Bagaimana dengan Pilkada Balikpapan 2020? Mencuat kekhawatiran fenomena calon tunggal versus kotak kosong akan terjadi. Ini setelah melihat arah koalisi parpol. Golkar yang telah resmi mengusung Rahmad Mas’ud sebagai calon Wali Kota Balikpapan mendapat sokongan partai lain. Partai Keadilan Sejahtera (PKS) telah bulat mengusung RM – short code Rahmad Mas’ud sebagai calon wali kota. 

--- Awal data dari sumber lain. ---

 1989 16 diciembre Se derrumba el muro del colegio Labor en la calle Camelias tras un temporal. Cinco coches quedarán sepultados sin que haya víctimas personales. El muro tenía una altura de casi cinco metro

Di Balikpapan, Golkar menjadi satu-satunya parpol yang dapat mengusung sendiri bakal calon (balon) Wali Kota Balikpapan pada Pilkada 2020. Golkar adalah peraih kursi terbanyak pada Pemilu 17 April 2019 yakni 11 kursi. Menyusul PDIP 8 kursi, Gerindra dan PKS masing-masing 6 kursi, Demokrat 4 kursi, Nasdem 3 kursi, PPP 3 kursi, Hanura 2 kursi, PKB dan Perindo masing-masing 1 kursi. 

Sembilan parpol lainnya yakni PDIP, PKS, Gerindra, Demokrat, Nasdem, PPP, Hanura, PKB dan Perindo harus berkoalisi untuk dapat mengusung balon wali kota yang dijagokannya. Pada Pemilu serentak lalu, perolehan suara parpol-parpol itu kurang dari 9 kursi. 

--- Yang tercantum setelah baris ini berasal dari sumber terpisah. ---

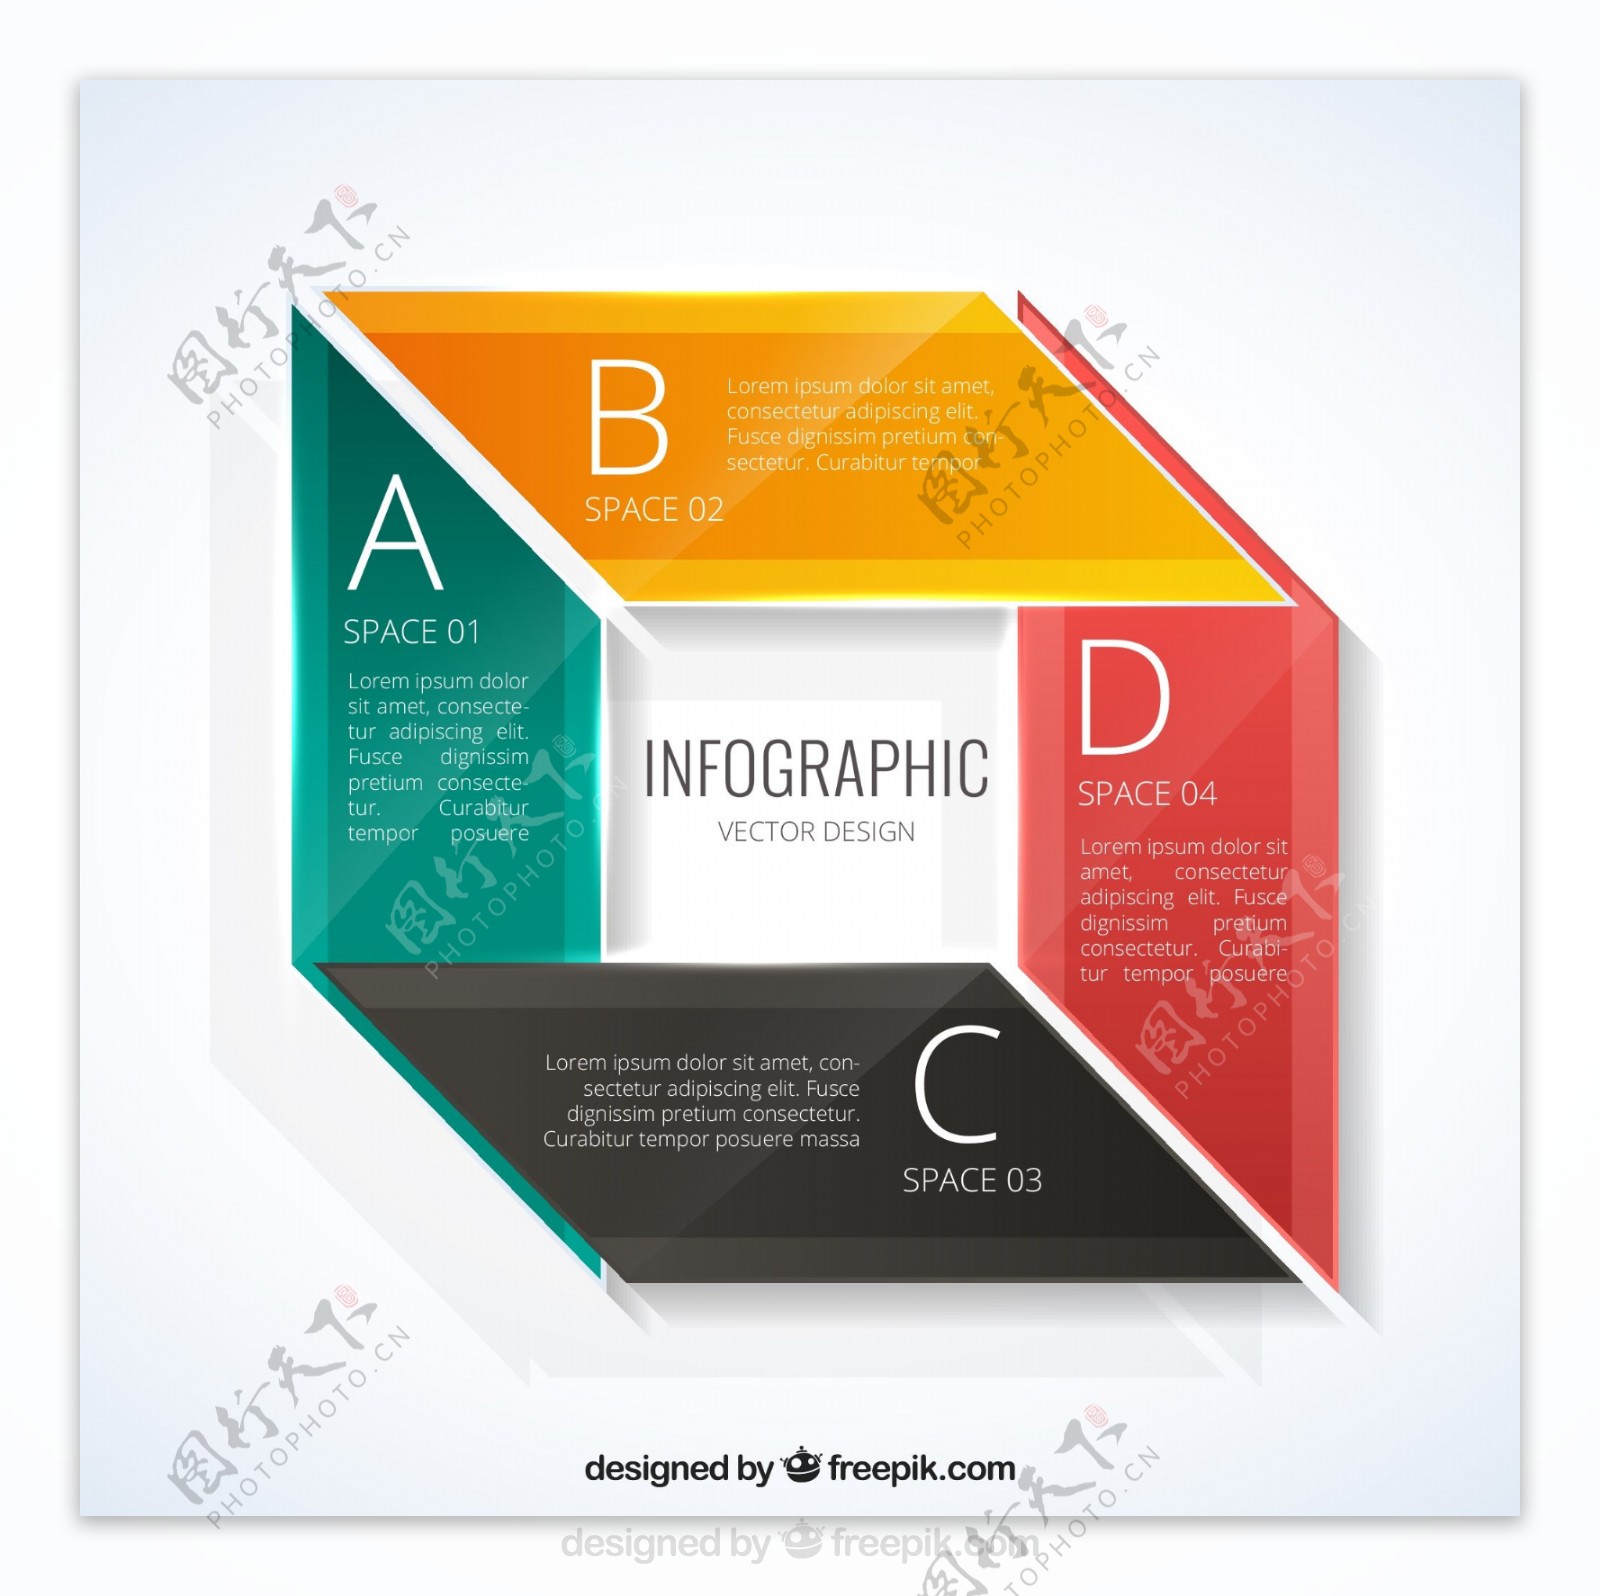 彩色方形商务信息图矢量素材

Sesuai persyaratan UU, balon wali kota dapat diusung oleh parpol atau gabungan parpol yang memiliki jumlah kursi minimal 20 persen di DPRD setempat. Jika kursi di DPRD Balikpapan berjumlah 45, maka parpol atau gabungan parpol yang dapat mengusung balon wali kota harus memiliki 9 kursi. 

Kekuatan finansial serta keunggulan popularitas dan elektabilitas RM tampaknya menjadi magnet penarik parpol lain. Sinyal kuat mengusung RM juga diberikan Partai Demokrat. PDIP bahkan mengambil langkah cepat menyorong kadernya yakni Thohari Aziz untuk dipaketkan dengan RM. 

Deklarasi dan dukungan PKS kepada Rahmad Mas'ud sebagai calon wali kota Balikpapan.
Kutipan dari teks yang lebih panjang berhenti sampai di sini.